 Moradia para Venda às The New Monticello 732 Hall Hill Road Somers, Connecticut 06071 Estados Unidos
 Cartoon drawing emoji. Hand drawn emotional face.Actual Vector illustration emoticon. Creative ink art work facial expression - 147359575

◆ ◆ ◆

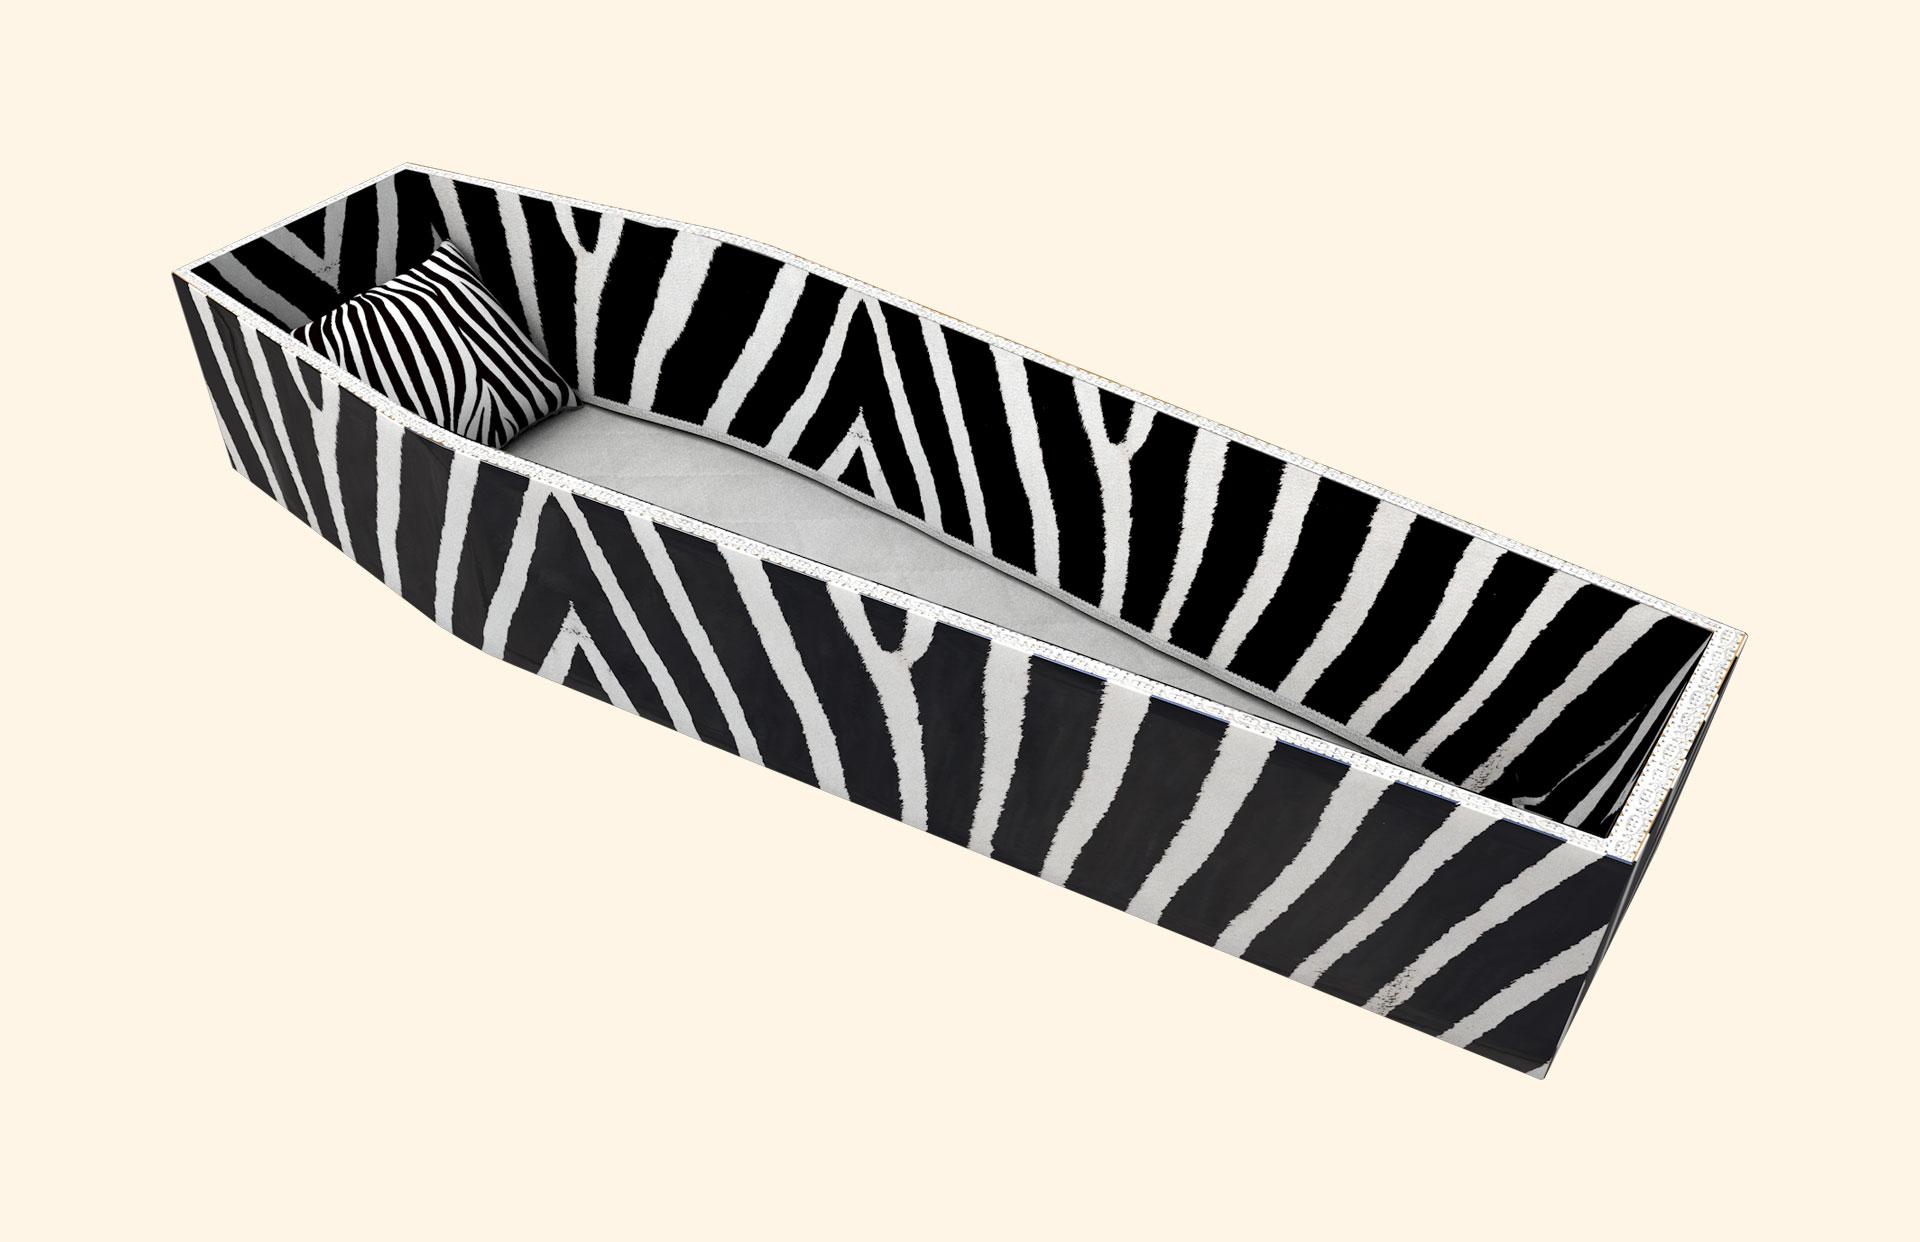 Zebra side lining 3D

◆ ◆ ◆

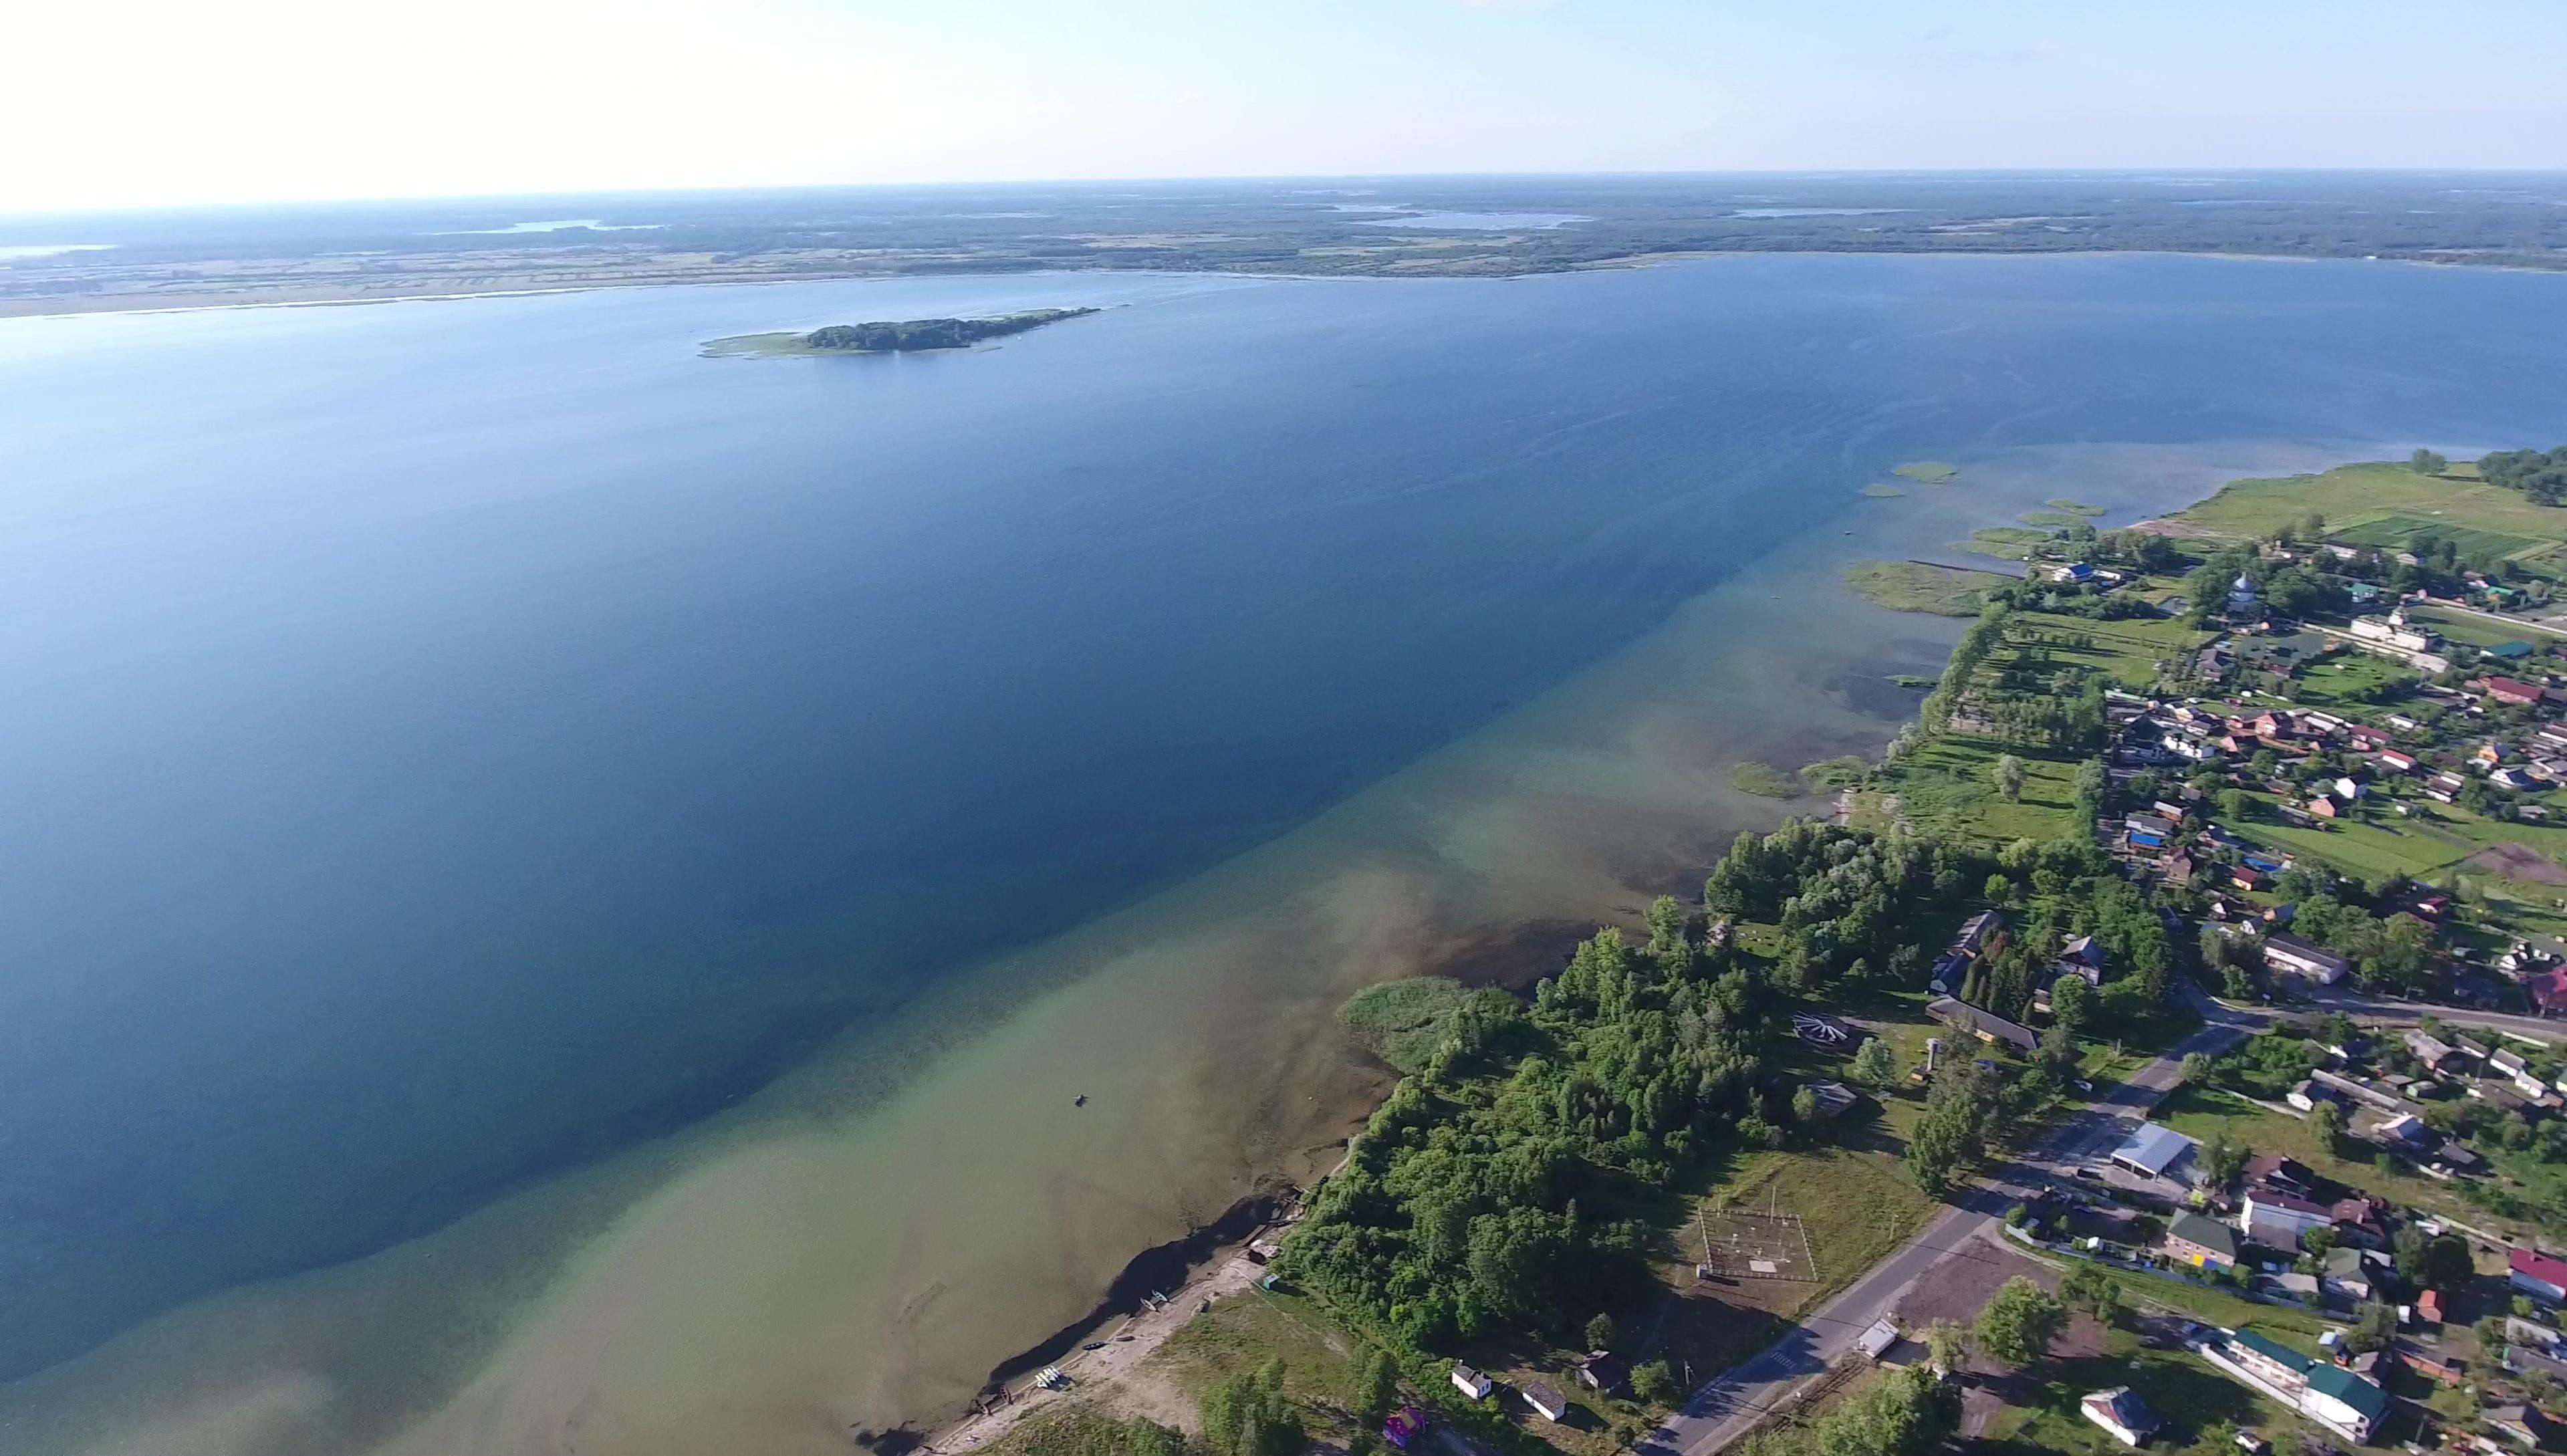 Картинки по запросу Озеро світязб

◆ ◆ ◆

■ Task statement
Your answer must be the lines above from the one containing "Moradia para Venda" to the one containing "Cartoon drawing emoji.", both included, restated word for word.

■ Output of the exercise
 Moradia para Venda às The New Monticello 732 Hall Hill Road Somers, Connecticut 06071 Estados Unidos
 Cartoon drawing emoji. Hand drawn emotional face.Actual Vector illustration emoticon. Creative ink art work facial expression - 147359575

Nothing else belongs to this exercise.